Maybe Harold will drop in to visit Jerry sometime in the
next few days. Even dead, he’d be a better companion that the guy whose head
looked like a bald death mask.
“Mr. Manley,” T’Alijah said, in her sultry voice, as she
strode her fine and pleasantly thick frame down the hallway. “It’s time for you
to come to lunch. And I’ll need to take your blood, so we’ll know how much
insulin you need.”
Jerry looked at me. “Let’s just wait a few minutes. I like
having you here. Only company I get, and I don’t know why you come. I can’t
think of anything to say. I wouldn’t come.”
We did watch as Harrison Ford gave a pep talk to the teenage
warriors at the heart of the B-grade Sci-Fi Movie.
But it looked like Jerry was going to nod off. Perhaps lack
of food. Too much junk food. Lack of insulin.
So, I got up and grabbed his hand.
“Hey, man, let’s get you down to get T’Alijah to take your
blood, and you can eat.”
We walked slowly down the hall, arm-over-shoulder, both
watching her retreat.
When we got to the lunchroom, she eyed me, foot to head, and
she smiled. It’s a great gift when a beautiful woman focuses her pools of brown
on me. Her agenda had none of the lust that lurked in my second-favorite
president’s heart when he was rabbit-hunting.
“Let me ask you. Are you Jerry’s uncle?” T’Alijah asked.
Jerry couldn’t laugh. I think he was pondering the
possibility that was true. Other nurses, wondering why I’m here when no one
else gets such a steady visitor, scooted up, wanting to hear my answer.
“No, T’Alijah, we’ve just been friends for about 50 years,
and I love the guy.
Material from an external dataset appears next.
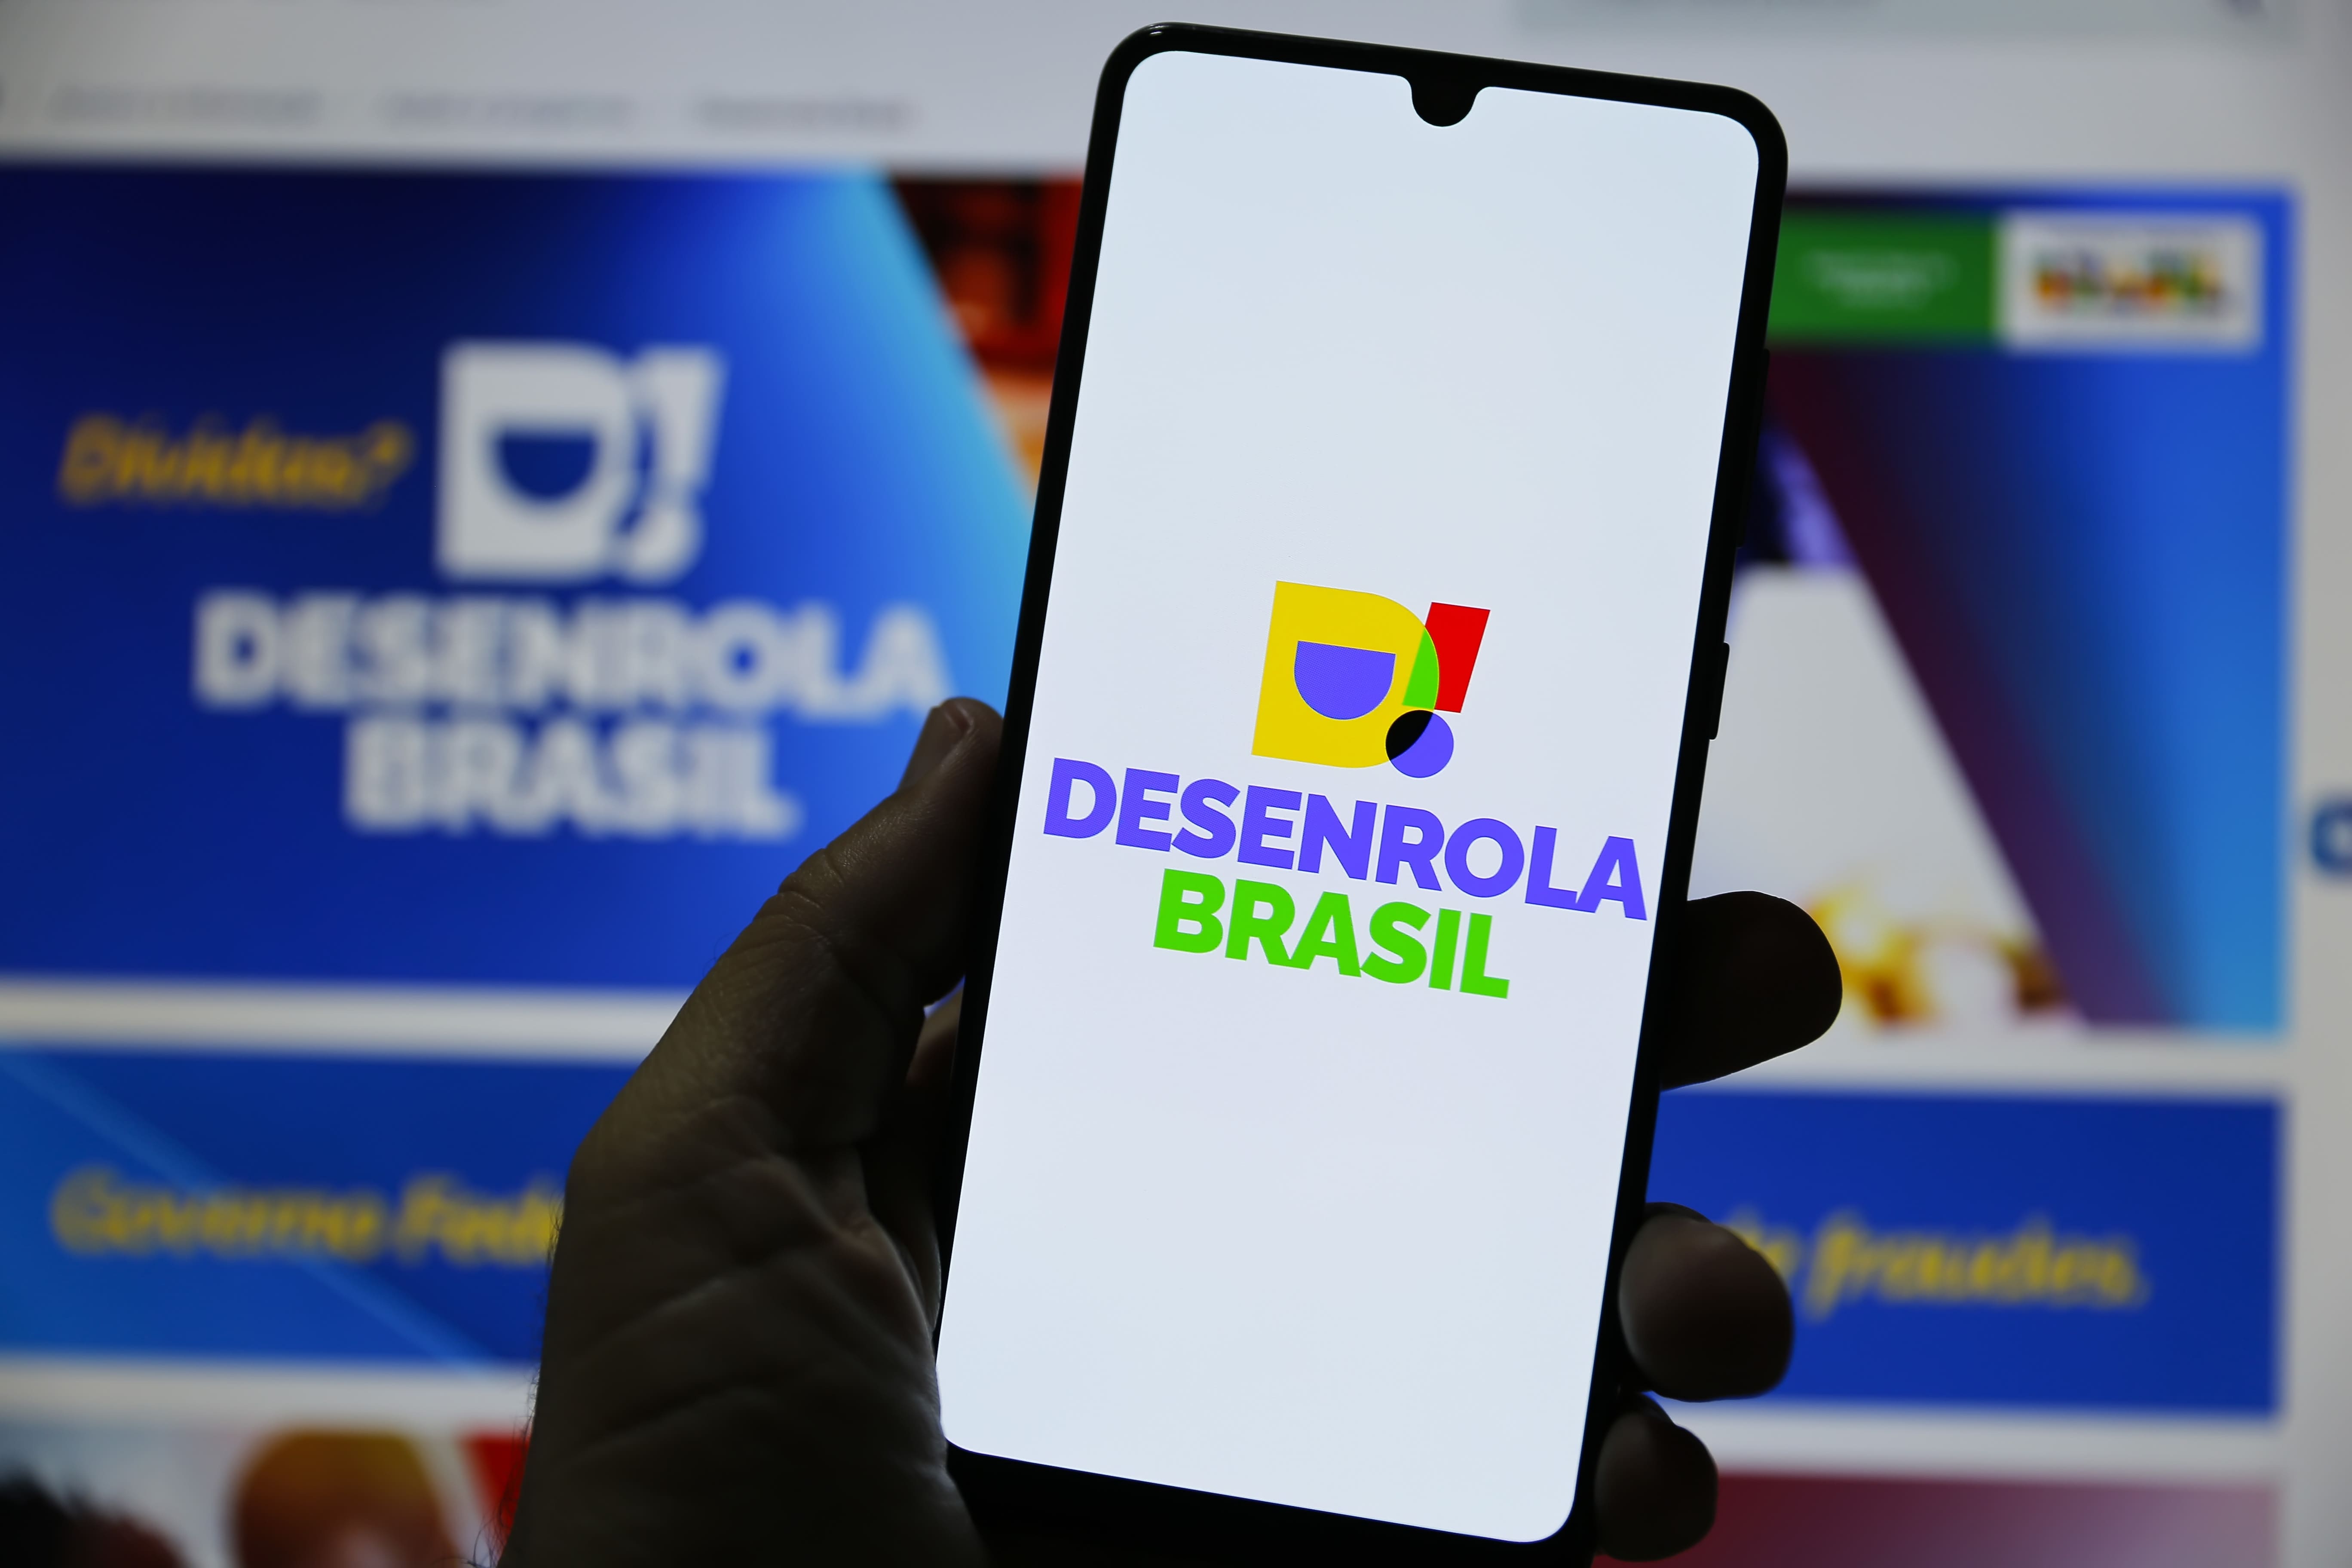 Programa Desenrola Brasil: oportunidade para quitar dívidas com a Zema Financeira de forma facilitada

He’s a brother, a News Brother, but that’s a long story.
“You think I look that much older than him to be his uncle?”
I pointed toward Jerry, who waited patiently for her to take a razor to the tip
of his fuck-you finger to plan for whether he could have carrot cake with his
lunch.
“Well, you do look older, maybe not THAT much older. But you
two kind of favor. He looks like you.’’
He is about a half-foot shorter and 60 pounds heavier and he
has no idea where he is. But yeah, in a lot of ways, maybe I am his uncle. Or
at least his big brother, though we both are 72, and he’s nine days older than
me.
She told me “You look good, really. I just know you keep
coming here to see Mr. Jerry. We don’t get a lot of visitors back here.”
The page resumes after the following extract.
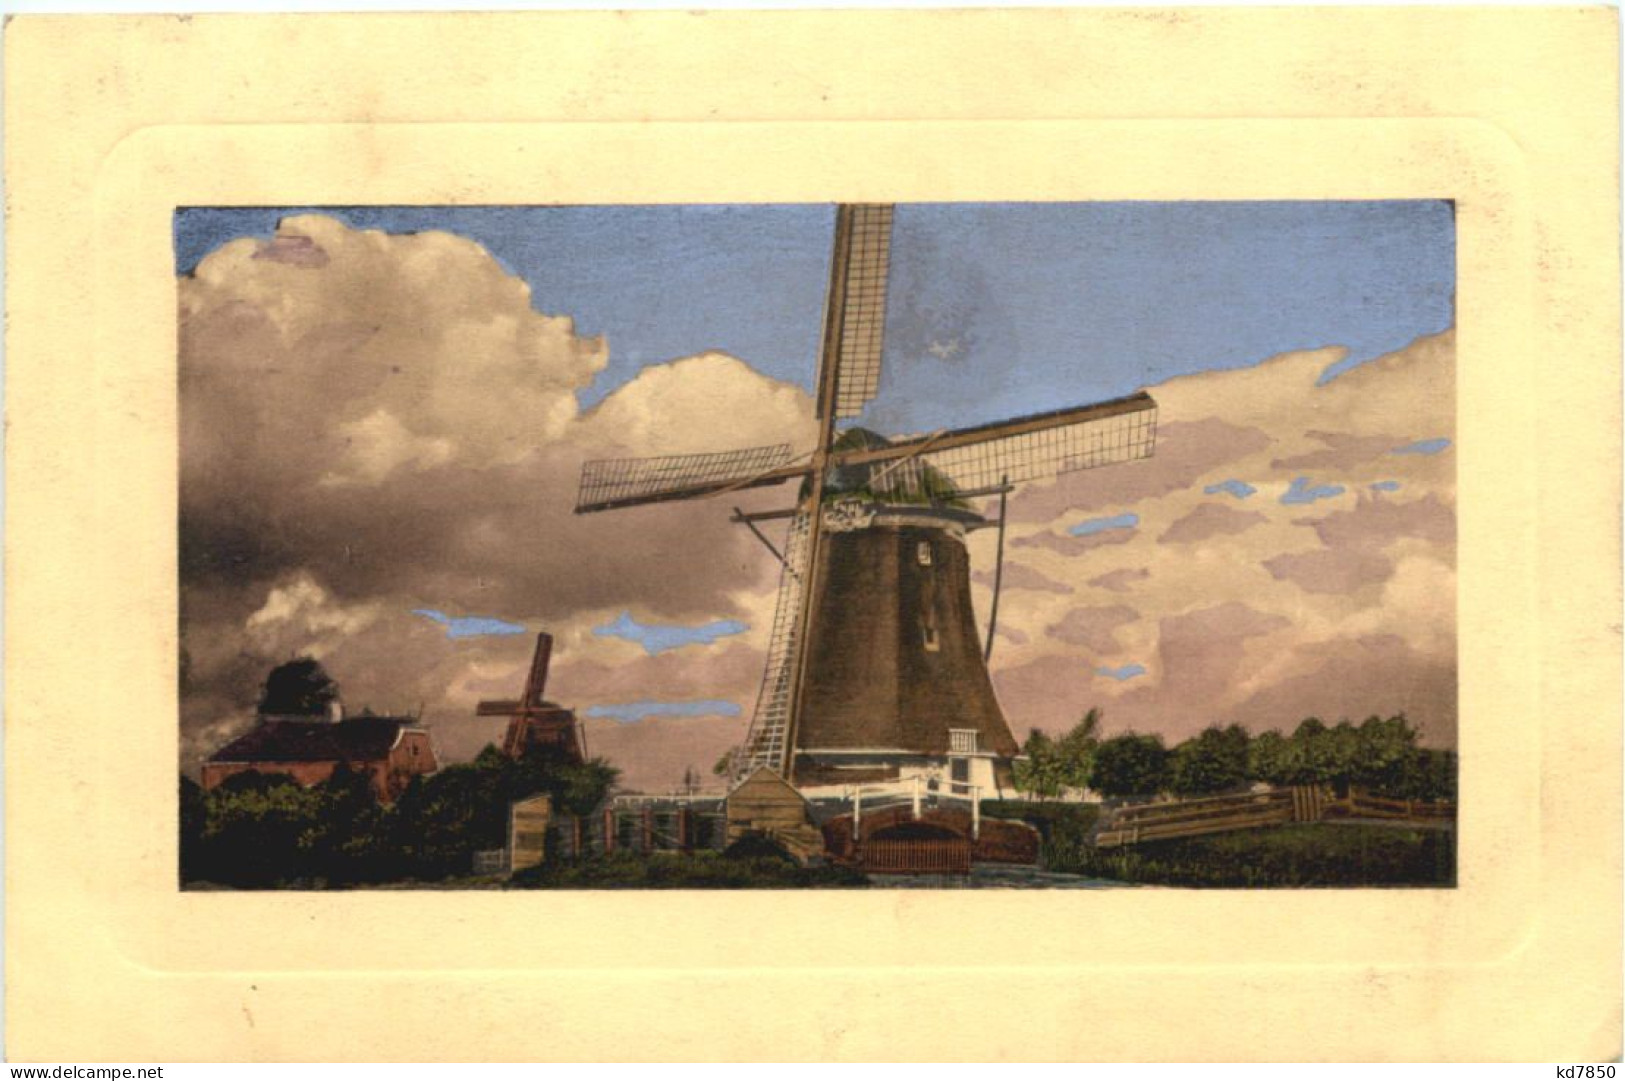 Windmühle - Windmills

I gave her my best “come-hither” smile and ran my hand along
her butt, pulling her close.
Nah. That’s not true. She’s a very nice young woman, and I
really do look old. “I’m a monkey’s uncle,” I whispered.
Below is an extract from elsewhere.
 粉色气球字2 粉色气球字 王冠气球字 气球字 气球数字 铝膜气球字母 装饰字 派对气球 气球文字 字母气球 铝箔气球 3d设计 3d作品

She let me out of the Memory Care Ward, pinching me in the
bottom swiftly (joking), and I used my cane to help me walk the long distance
to the front of the nursing home.
An ambulance was pulled to the front door and probably 10
people were loading personal possessions into the trunk of a car. Some were
crying. Others jumped from cars they had urgently squealed into the parking
lot. The lights on the ambulance
flashed. But no one seemed in a hurry.
I grabbed my last cucumber water and I walked to the road.